Sunday, June 28, 2015

Atul Gawande

How we seek to spend our time may depend on how much time we perceive ourselves to have. . . . When horizons are measured in decades, most desire all that stuff at the top of Maslow's pyramid ─achievement, creativity, and other attributes of "self-actualization." But as your horizons contract ─when you see the future ahead of you as finite and uncertain─ your focus shifts to the here and now, to everyday pleasures and the people closest to you. (p 97)

The problem with medicine and the institutions it has spawned for the care of the sick and the old is not that they have had an incorrect view of what makes life significant. The problem is that they have had almost no view at all. Medicine's focus is narrow. Medical professionals concentrate on repair of health, not sustenance of the soul. Yet─and this is the painful paradox─we have decided that they should be the ones who largely define how we live in our waning days. For more than half a century now, we have treated the trials of sickness, aging, and mortality as medical concerns. It's been an experiment in social engineering, putting our fates in the hands of people valued more for their technical prowess than for their understanding of human needs.

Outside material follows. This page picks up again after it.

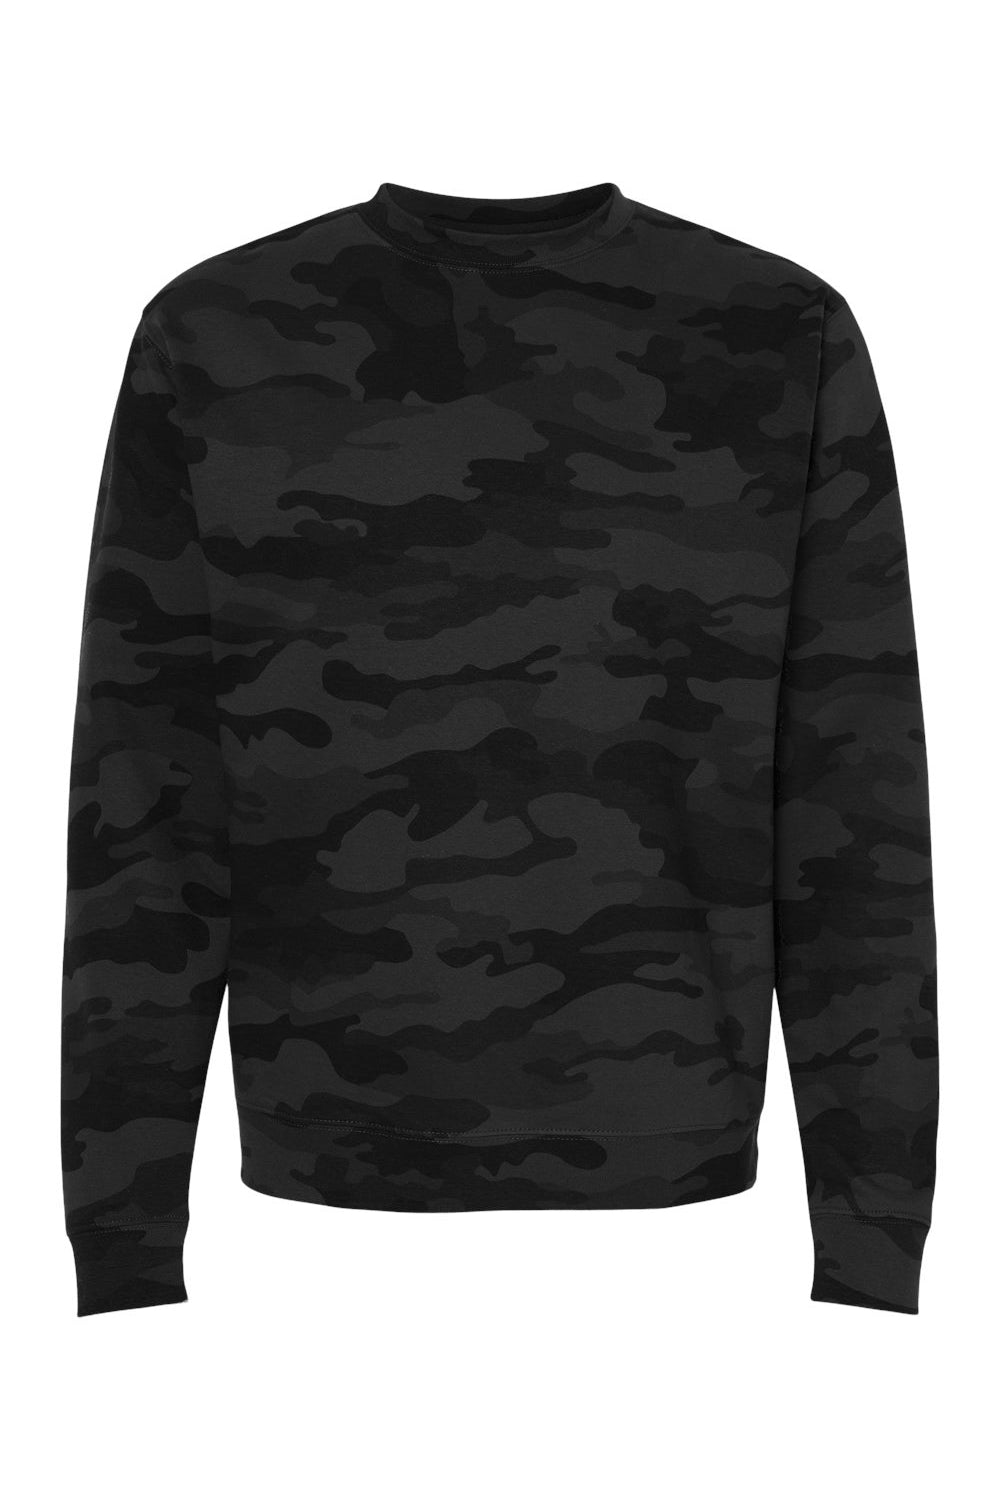 Independent Trading Co. SS3000 Mens Crewneck Sweatshirt Black Camo Flat Front

That experiment has failed. If safety and protection were all we sought in life, perhaps we could conclude differently. But because we seek a life of worth and purpose, and yet are routinely denied the conditions that might make it possible, there is no other way to see what modern society has done. (p 128)

Gawande, Atul. Being Mortal: Medicine and What Matters in the End. New York: Metropolitan , Henry Holt, 2014. Print.